Is there an explicit reason why so? I am looking for both a mathematical reason that is also physical. The book just indicated it without stating exactly how.

Is it because the 0th component of the vector is the spin-0 and the other components are spin-1? If so, this doesn't make sense to me since the vector field $A_\mu$ itself is spin-1.

The book then continues to guess a Lagrangian for a massive spin-1 field and came up with $$ \mathcal{L}=-\frac{1}{2}\partial_\nu A_\mu\partial_\mu A_\nu+\frac{1}{2}m^2A^2_\mu $$ Which has the equations of motion $$ (\partial^2+m^2)A_\mu=0 $$ And then says that it has "4 propagating modes" and $A_\mu$ is actually 4 scalar fields and therefore the Lagrangian is not for a vector field. In this case this is $4=1\oplus 1\oplus 1\oplus 1$.

Question 2:

What does he mean by propagating modes? Are the fields just scalar because the equation of motion is for each index of $A_\mu$ or is there a much better meaning of why?

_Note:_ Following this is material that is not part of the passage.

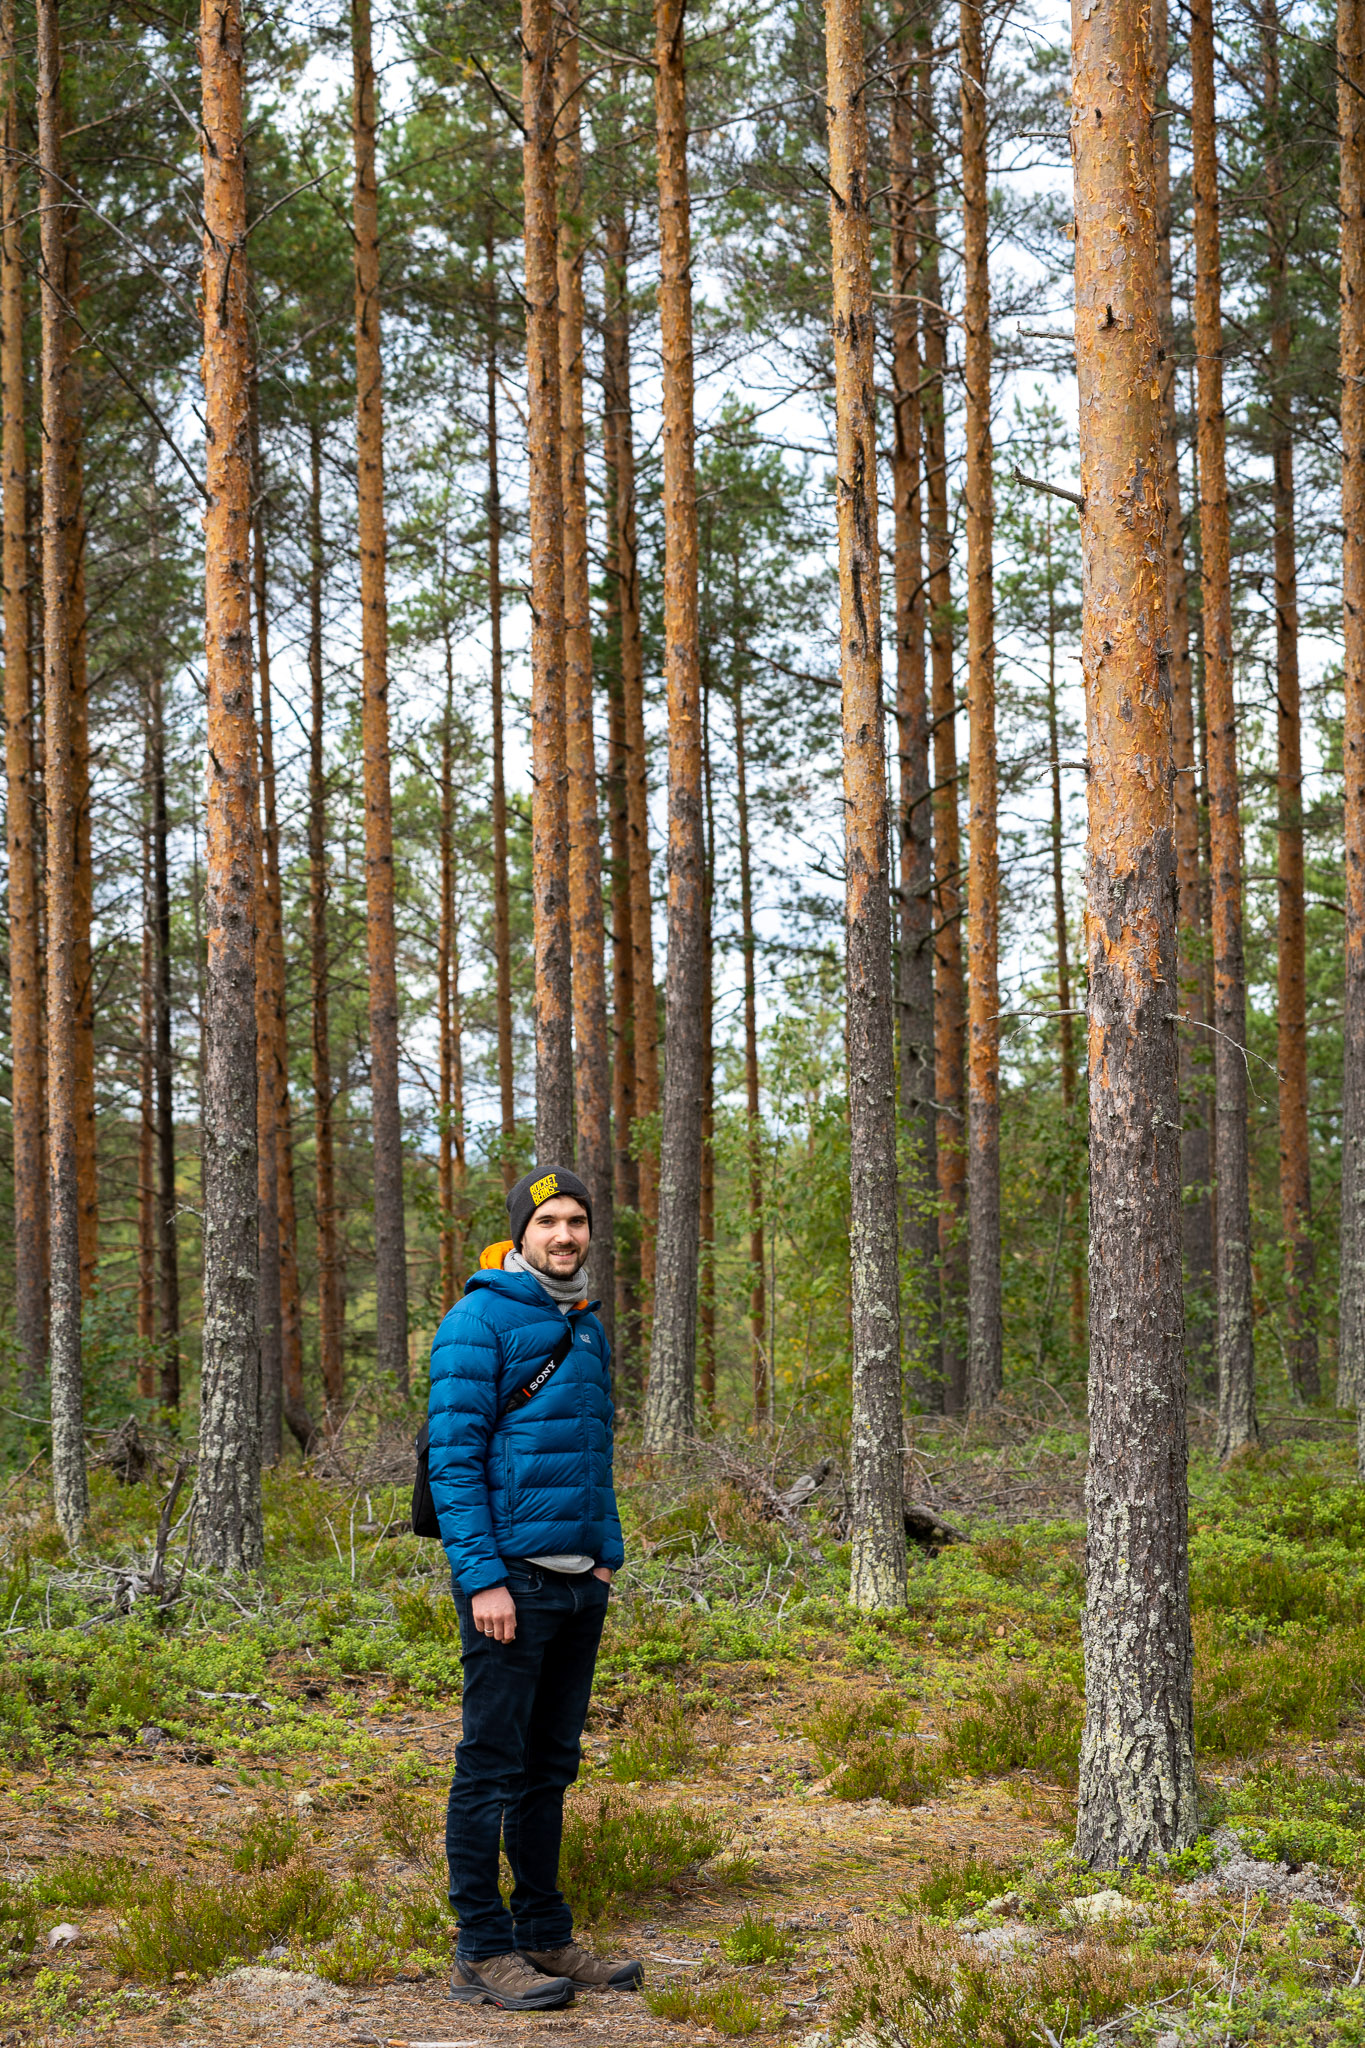 Lukas im Wald

He never actually defined "Propagating modes" at all. Anyways, the book continues with another guess which is the Proca Lagrangian $$ L = \frac{a}{2}A^\mu\partial^2A_\mu+\frac{b}{2}A_\mu\partial_mu\partial_\nu A_\nu +\frac{1}{2}m^2A_\mu A^\mu $$ Where it says that the $\partial_\mu A_\mu$ contraction forces $A_\mu$ to be a 4-vector since if each component $A_\mu$ transforms as scalar then $\partial_\mu A_\mu$ is not Lorentz invariant.

Question 3:

I seem to not understand what the book meant by that. Why is it not Lorentz Invariant?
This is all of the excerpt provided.